Materials and methods
Thirty-two consecutive patients (mean age 67.5 years; range 33–86 years) with a range of tumours and prognoses underwent PIGSF for non/minimally displaced PF/InF and ImF. Screws were placed under CT/fluoroscopy or cone-beam CT guidance, with or without cementoplasty. Clinical outcomes were assessed using a simple 4-point scale (1 = worse; 2 = stable; 3 = improved; 4 = significantly improved). Local evolution was reviewed on most recent follow-up imaging. Technical success, complications, and overall survival were evaluated.

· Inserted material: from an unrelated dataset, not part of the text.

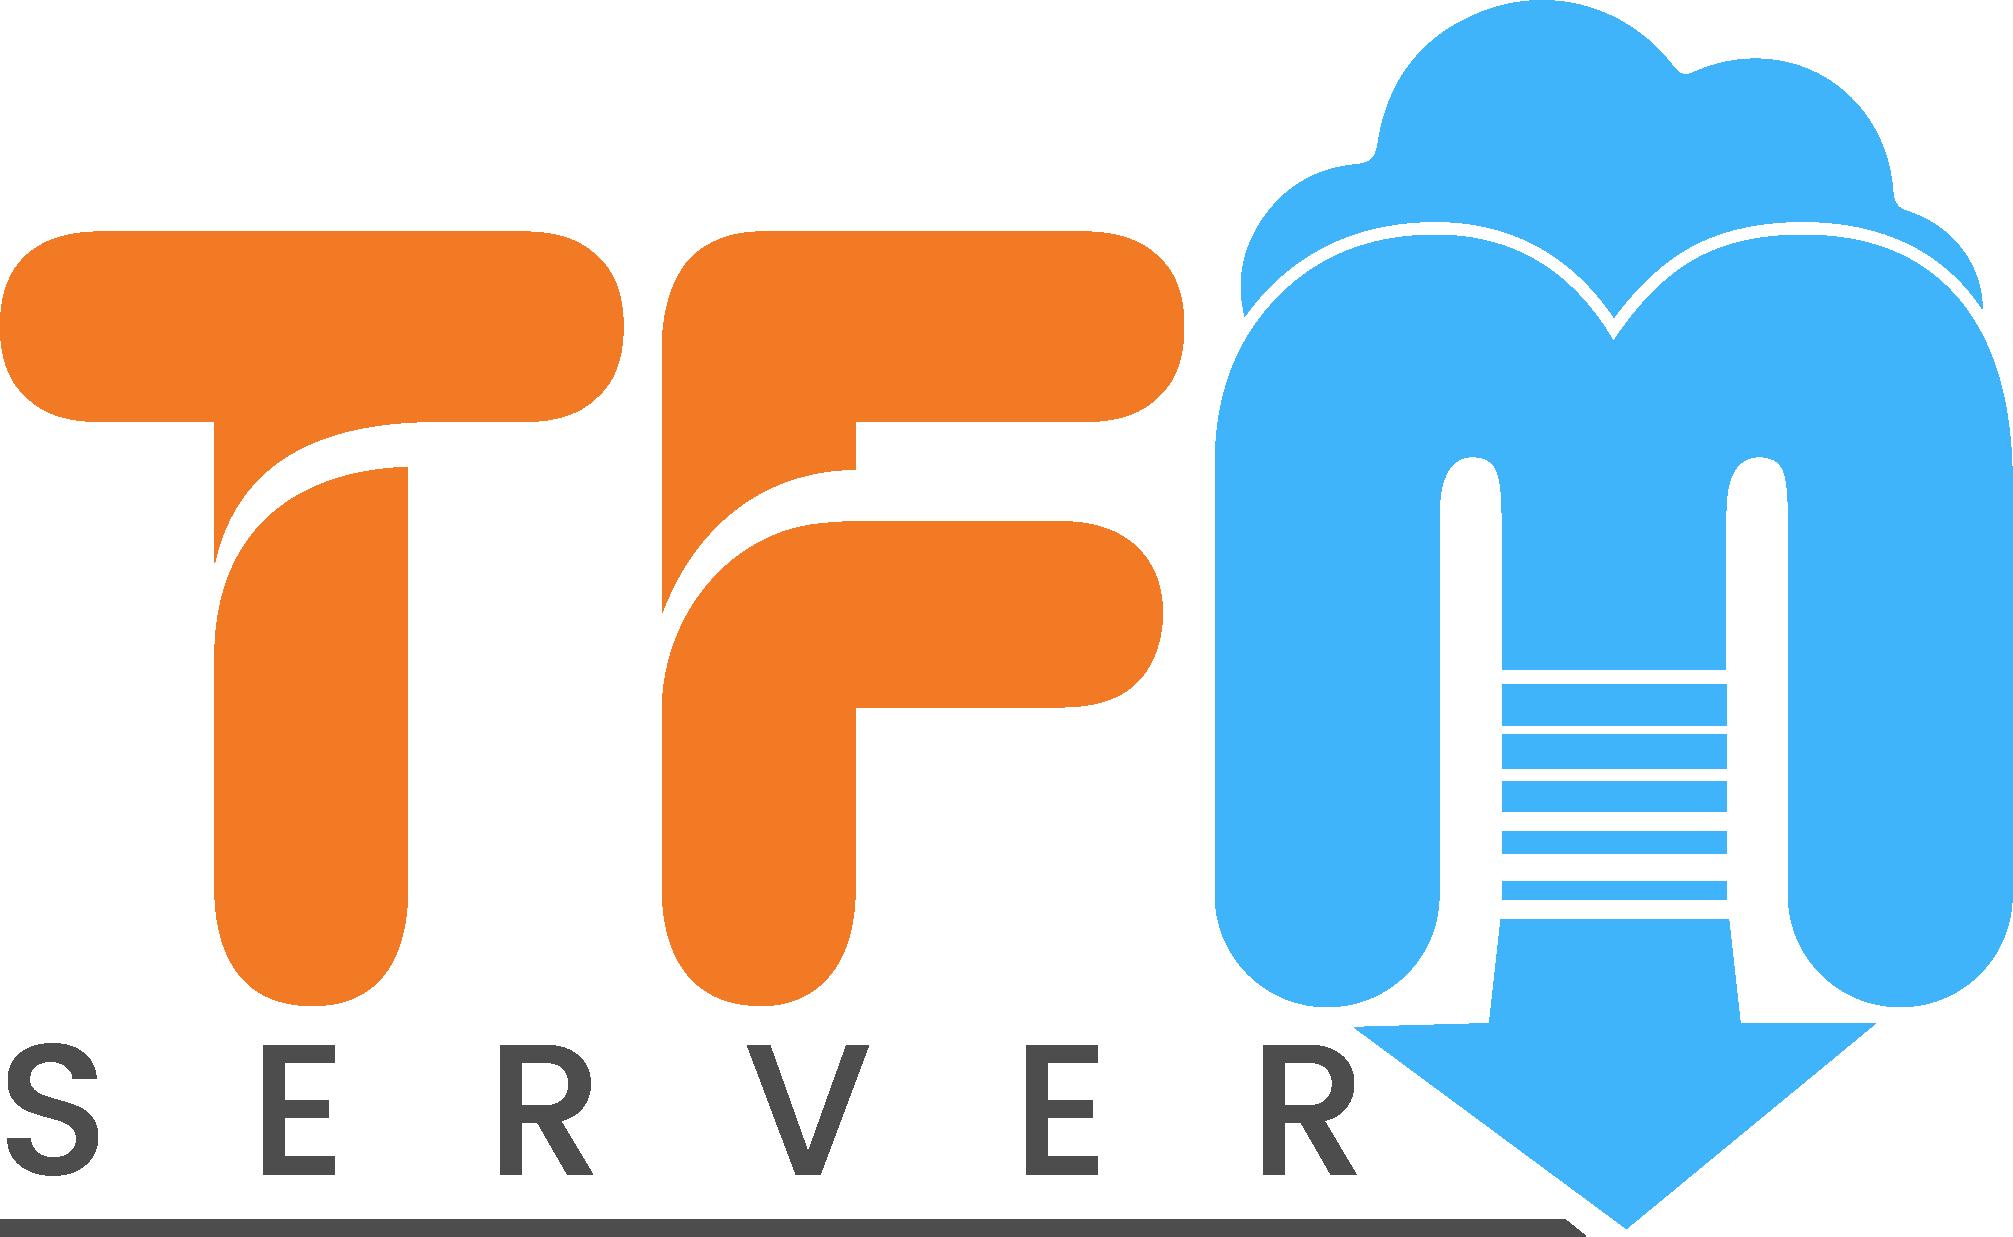 TFM Server

Thirty-six lesions were treated with 74 screws mainly in the pelvis and femoral neck (58.2 %); including 47.2 % PF, 13.9 % InF, and 38.9 % ImF. Cementoplasty was performed in 63.9 % of the cases. Technical success was 91.6 %. Hospital stay was ≤3 days; 87.1 % of lesions were improved at 1-month follow-up; three major complications (early screw-impingement radiculopathy; accelerated coxarthrosis; late coxofemoral septic arthritis) and one minor complication were observed. Unfavourable local evolution at imaging occurred in 3/24 lesions (12.5 %) at mean 8.7-month follow-up, including poor consolidation (one case) and screw loosening (two cases, at least 1 symptomatic). There were no cases of secondary fractures.

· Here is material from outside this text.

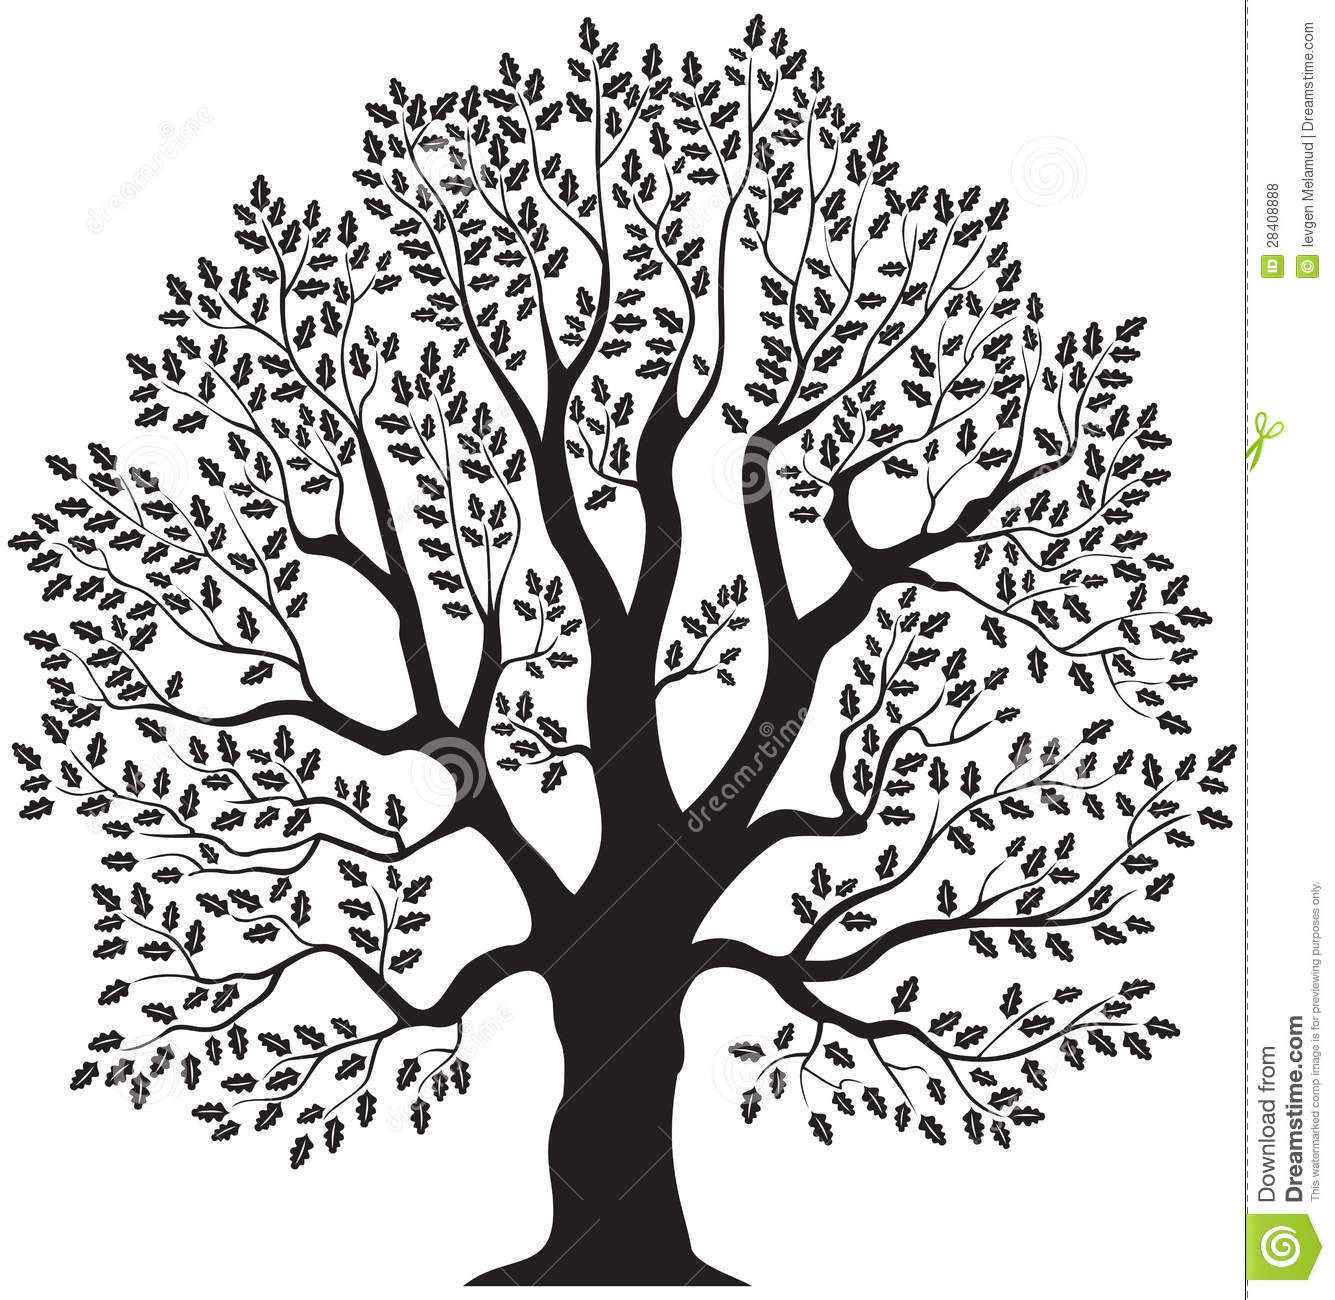 1335x1300 Free Clipart Oak Tree Amp Free Clip Art Oak Tree Images

PIGSF is feasible for a wide range of oncologic patients, offering good short-term efficacy, acceptable complication rates, and rapid recovery. Unfavourable local evolution at imaging may be relatively frequent, and requires close clinico-radiological surveillance.
KeywordsBone Fractures Screw fixation
Compliance with Ethical Standards
Conflict of interest
Roberto Luigi Cazzato, Guillaume Koch, Xavier Buy, Nitin Ramamurthy, Georgia Tsoumakidou, Jean Caudrelier, Vittorio Catena, Julien Garnon, Jean Palussiere and Afshin Gangi have no conflict of interest to disclose.
All procedures performed in studies involving human participants were in accordance with the ethical standards of the institutional and/or national research committee and with the 1964 Helsinki declaration and its later amendments or comparable ethical standards. For this type of study formal consent is not required.
Informed consent was obtained from all individual participants included in the study.